AI Is a Partner, Not a Panacea
Brands and BPOs need to view AI as a partner, not a quick fix, not a wholesale replacement for human capital, and not a panacea for longstanding CX challenges.
AI should help the industry make better decisions. AI should not cause brands and BPOs to lose sight of the problems that need solving right now.
Inconsistent service levels require better planning and workforce strategy. Poor quality scores need better training, coaching, and QA to improve. High attrition must be addressed with better leadership, culture, career pathing, and employee engagement. A broken escalation process does not only need agentic AI. It needs clarity.
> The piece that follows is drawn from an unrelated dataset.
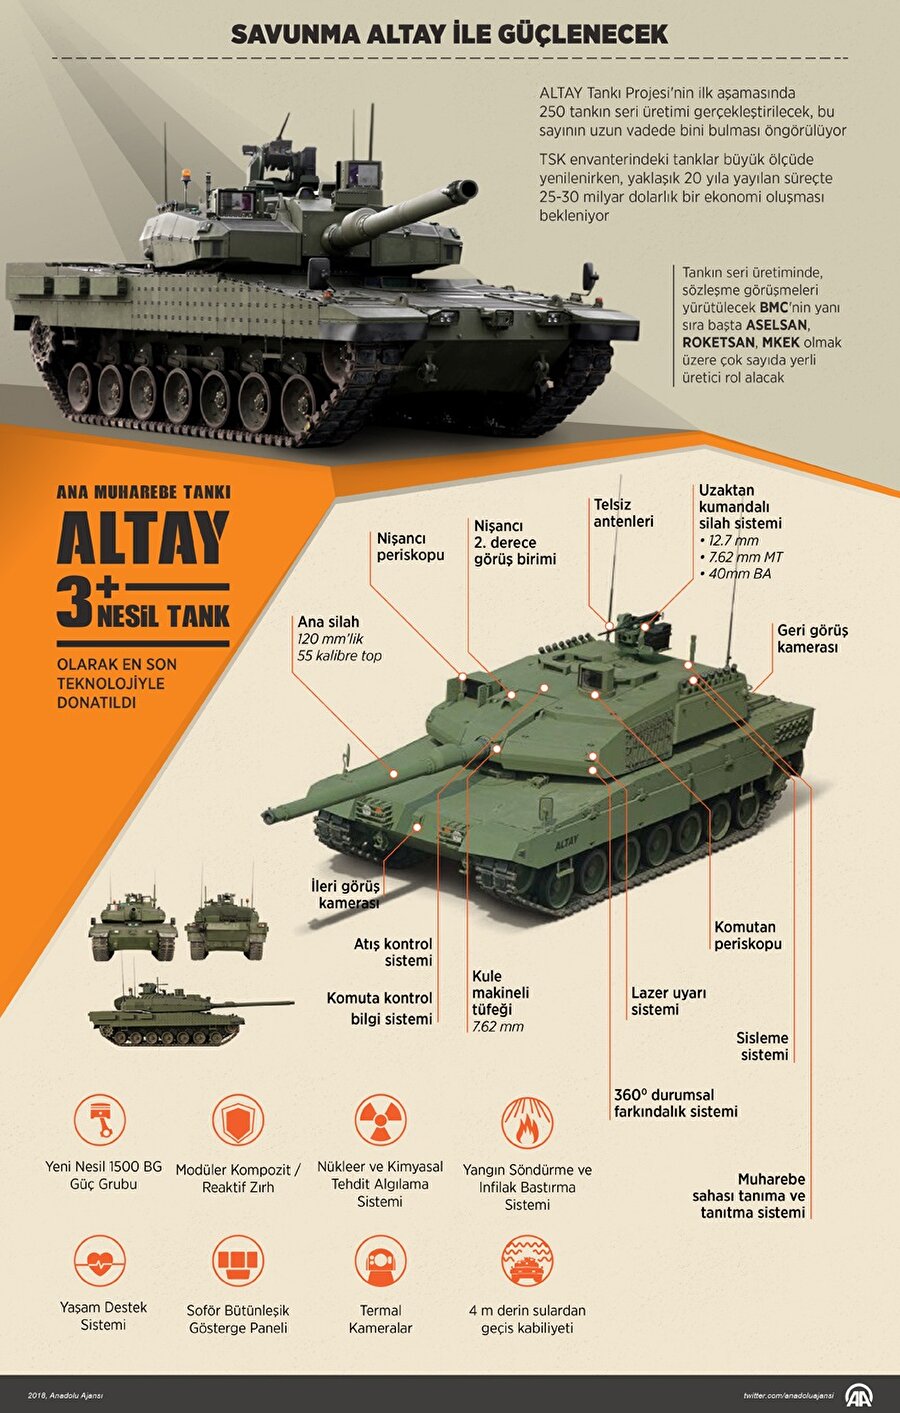 Altay Tankı'nın ayrıntılarını gösteren infografik.

The strongest outsourcing partnerships will be built by brands and BPOs in sympatico. They know exactly who they are, what they want, and expectations are reasonable and clear.
The future of AI in CX is exciting. It is also uncertain. We can predict. We can prognosticate. We can make educated assumptions. But we should be honest enough to admit what we do not yet know.
What we do know is this: outsourcing decisions still require operational discipline, experienced leadership, clear priorities, and a grounded understanding of what customers and agents need today.
AI belongs in that conversation. It just should not be allowed to dominate it.
Tech-forward should never mean fundamentals-backward.